Indianapolis has been given another chance at hosting one of the major events it lost out on in the early days of the pandemic. The Seventh-Day Adventist Church on Thursday said it has picked the city to host its General Conference Session in June 2030.
The massive event had been scheduled to take place in Indianapolis in July 2020 along with more than 350 other events during the first year of the pandemic but was called off. The 2030 General Conference Session is expected to draw more than 65,000 people over an 18-day period and generate about $44 million in economic impact, according to figures from Visit Indy, the city’s tourism arm.
The event is expected to result in the booking of about 36,000 hotel room nights.

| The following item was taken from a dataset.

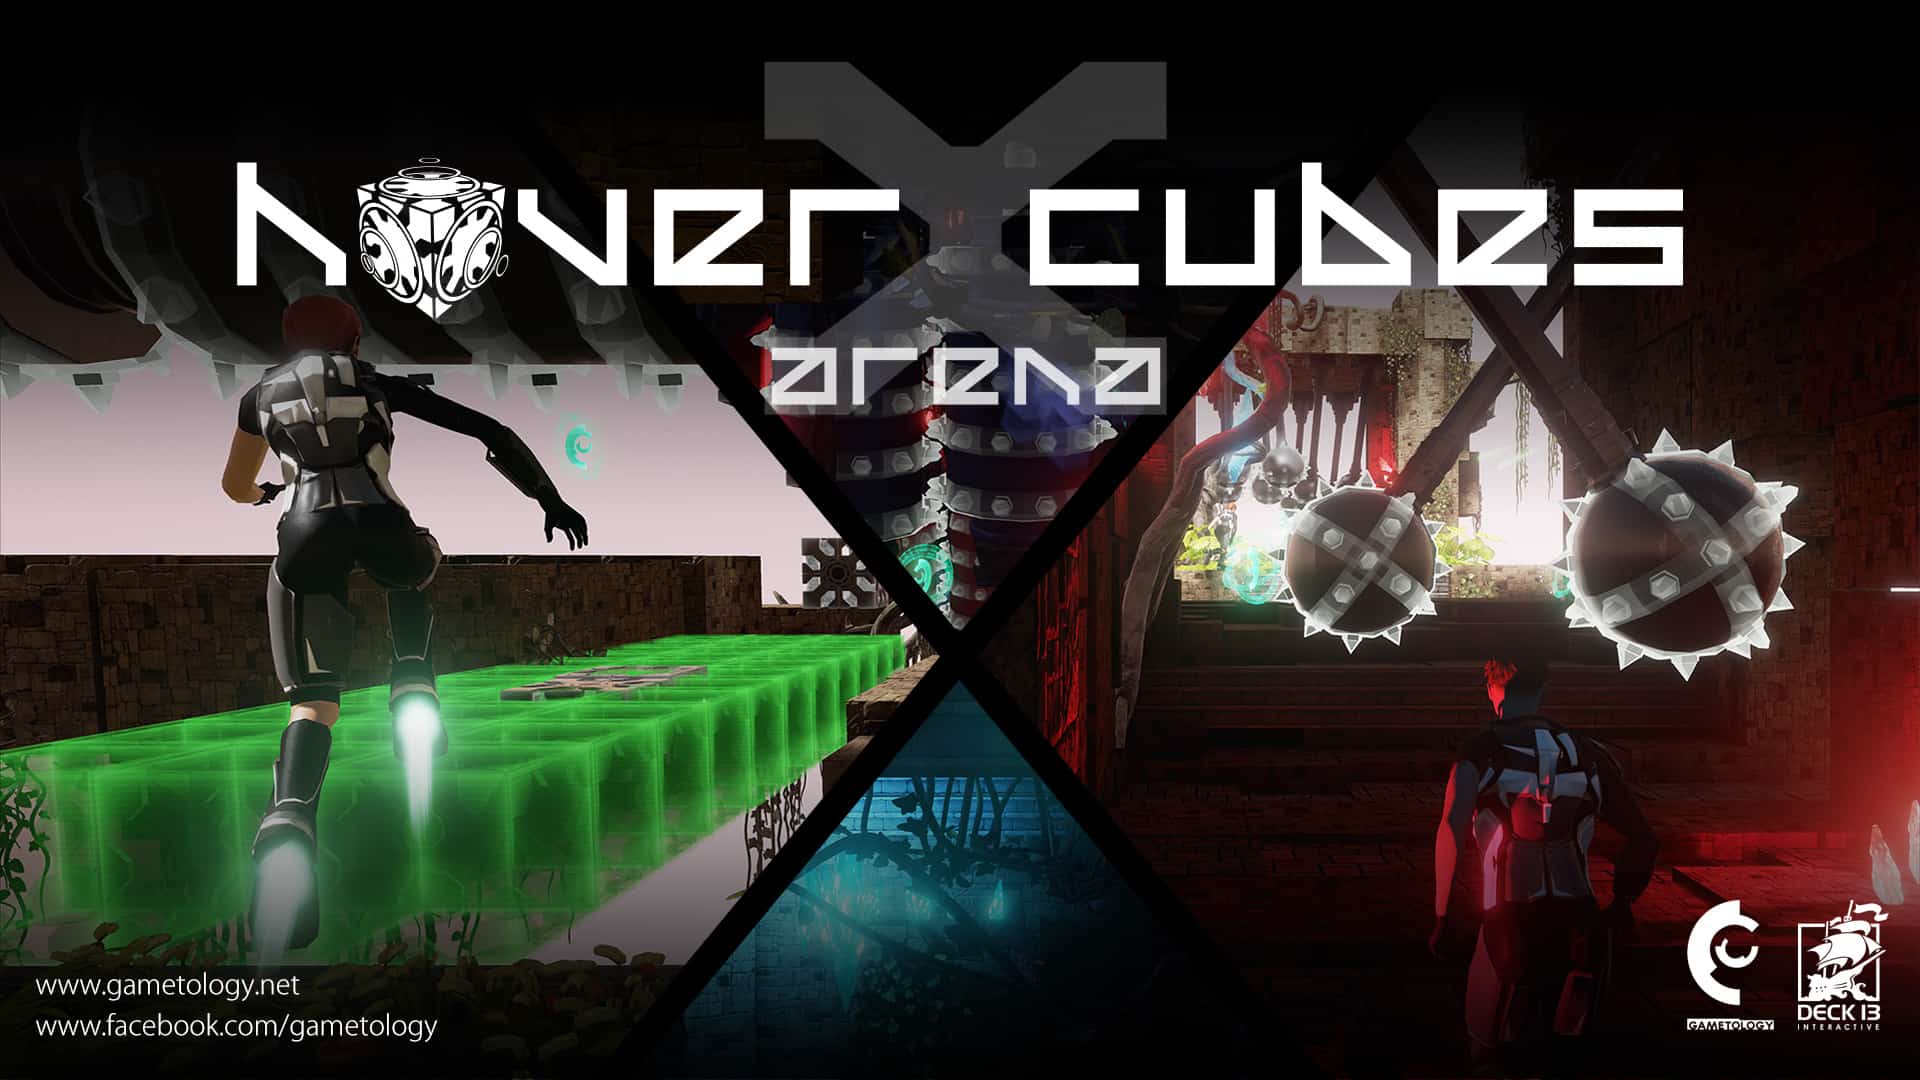 Hover Cubes: Arena

Seventh-Day Adventist delegates selected Indianapolis over St. Louis during its annual council meeting on Tuesday in Washington, D.C., after hearing pitches from both cities. About 96% of delegates voted for Indianapolis to host the 2030 session. St. Louis hosted the event this year following the back-to-back postponements in 2020 and 2021 and is scheduled to host the next one, in July 2025. General Conference Sessions take place every five years under typical conditions.
The organization shared the news through its in-house news outlet, Adventist News Network. Representatives for the church did not immediately return an email requesting comment late Thursday.
The conference’s selection committee recommended Indianapolis in part because of its proximity to a large portion of the membership base, as well as its facilities, including Lucas Oil Stadium and the Indiana Convention Center.
The conference is not contingent upon the completion of the proposed 814-room Signia Hilton hotel at Pan Am Plaza, which is scheduled to open in 2026, but Visit Indy Senior Vice President of Marketing & Communications Chris Gahl said anticipation for the hotel didn’t hurt. Gahl was one of six local tourism officials with Visit Indy and the convention center to pitch Indianapolis this week to the church’s leaders.
“We included facts about the Pan Am project in our presentation,” he said. “Slated to first meet in 2020, they can fit in the city without the project, yet, we know they are ultimately intrigued with how the expansion can give them the ability to grow further.”